I am trying to download Pdfs using urllib.request.urlopen
from a page but it returns an error: 'list' object has no attribute 'timeout'
:
def get_hansard_data(page_url):
#Read base_url into Beautiful soup Object
html = urllib.request.urlopen(page_url).read()
soup = BeautifulSoup(html, "html.parser")
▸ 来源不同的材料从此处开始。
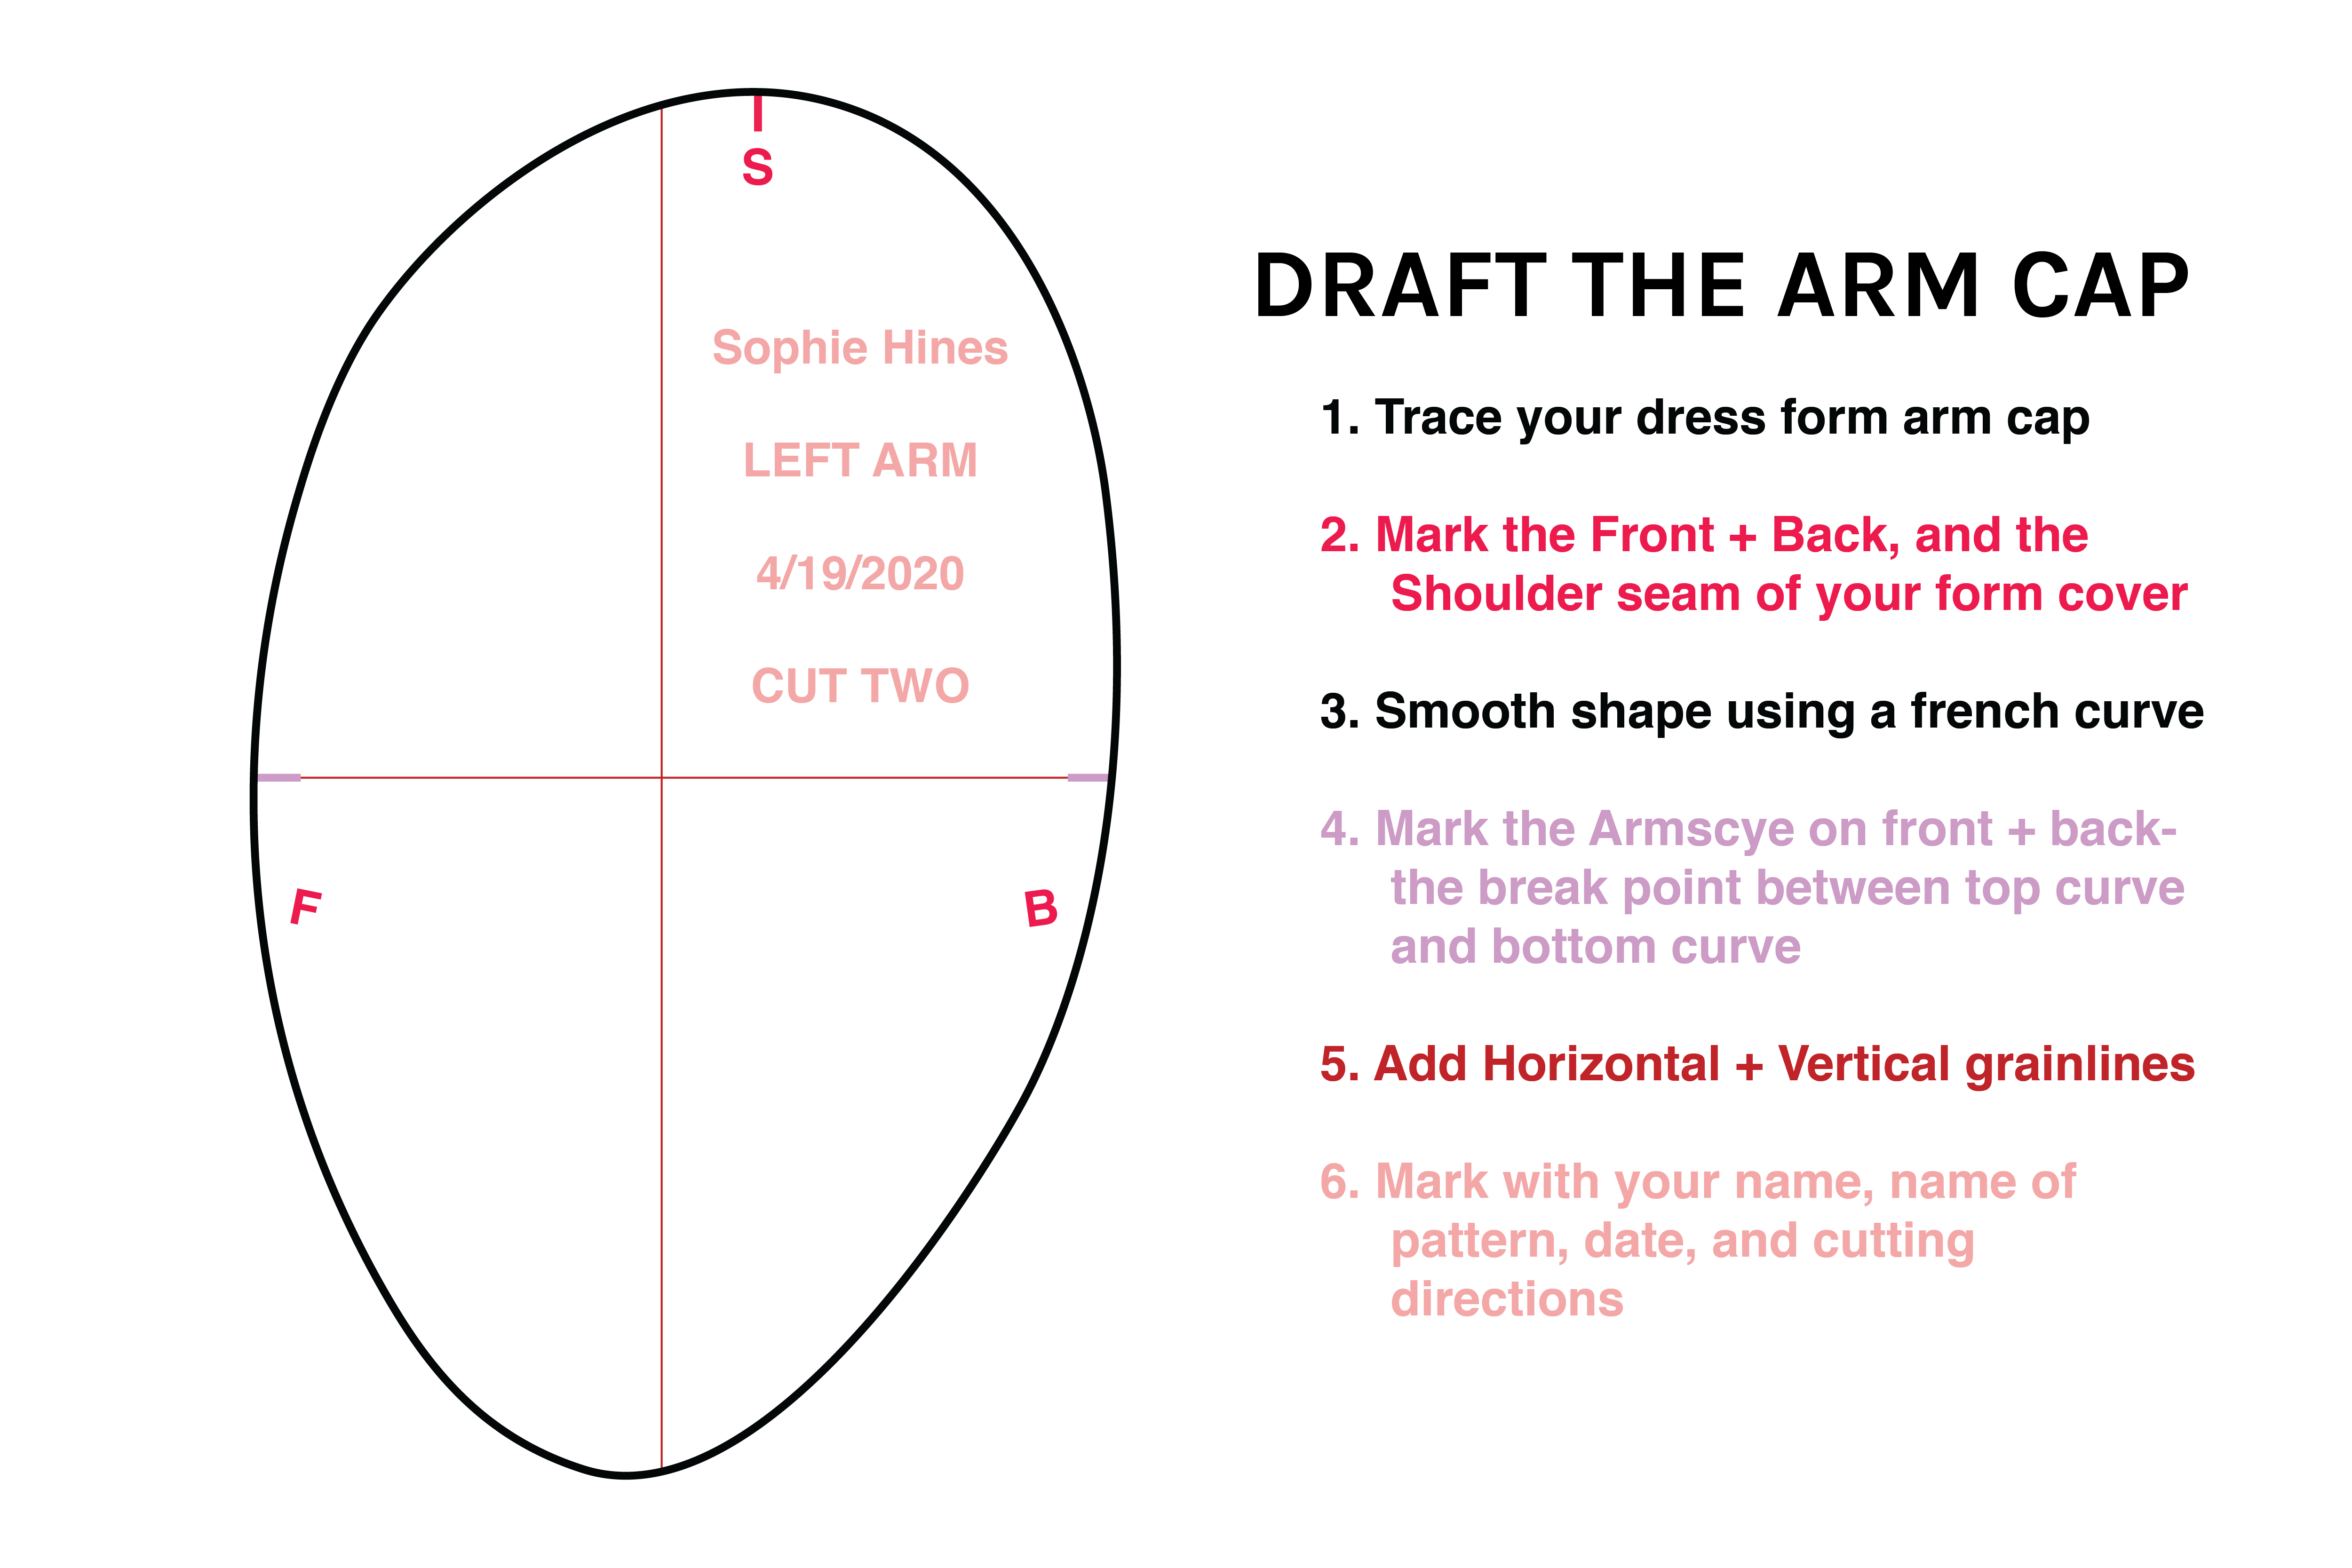 Draft the Arm Cap. 1. Trace your dress form arm cap. 2. Mark the Front + Back, and the shoulder seam of your form cover. 3. Smooth shape using a french curve. 4. Mark the armscye on front and back- the break point between the top curve and the bottom curve. 5. Add horizontal and vertical grainlines. 6. Mark with your name, name of pattern, date, and cutting directions.

#grab <div class="itemContainer"> that hold links and dates to all hansard pdfs
hansard_menu = soup.find_all("div","itemContainer")
#Get all hansards
#write to a tsv file
with open("hansards.tsv","a") as f:
fieldnames = ("date","hansard_url")
output = csv.writer(f, delimiter=" ")
for div in hansard_menu:
hansard_link = [HANSARD_URL + div.a["href"]]
hansard_date = div.find("h3", "catItemTitle").string
#download
with urllib.request.urlopen(hansard_link) as response:
data = response.read()
r = open("/Users/Parliament Hansards/"+hansard_date +".txt","wb")
r.write(data)
r.close()
print(hansard_date)
print(hansard_link)
output.writerow([hansard_date,hansard_link])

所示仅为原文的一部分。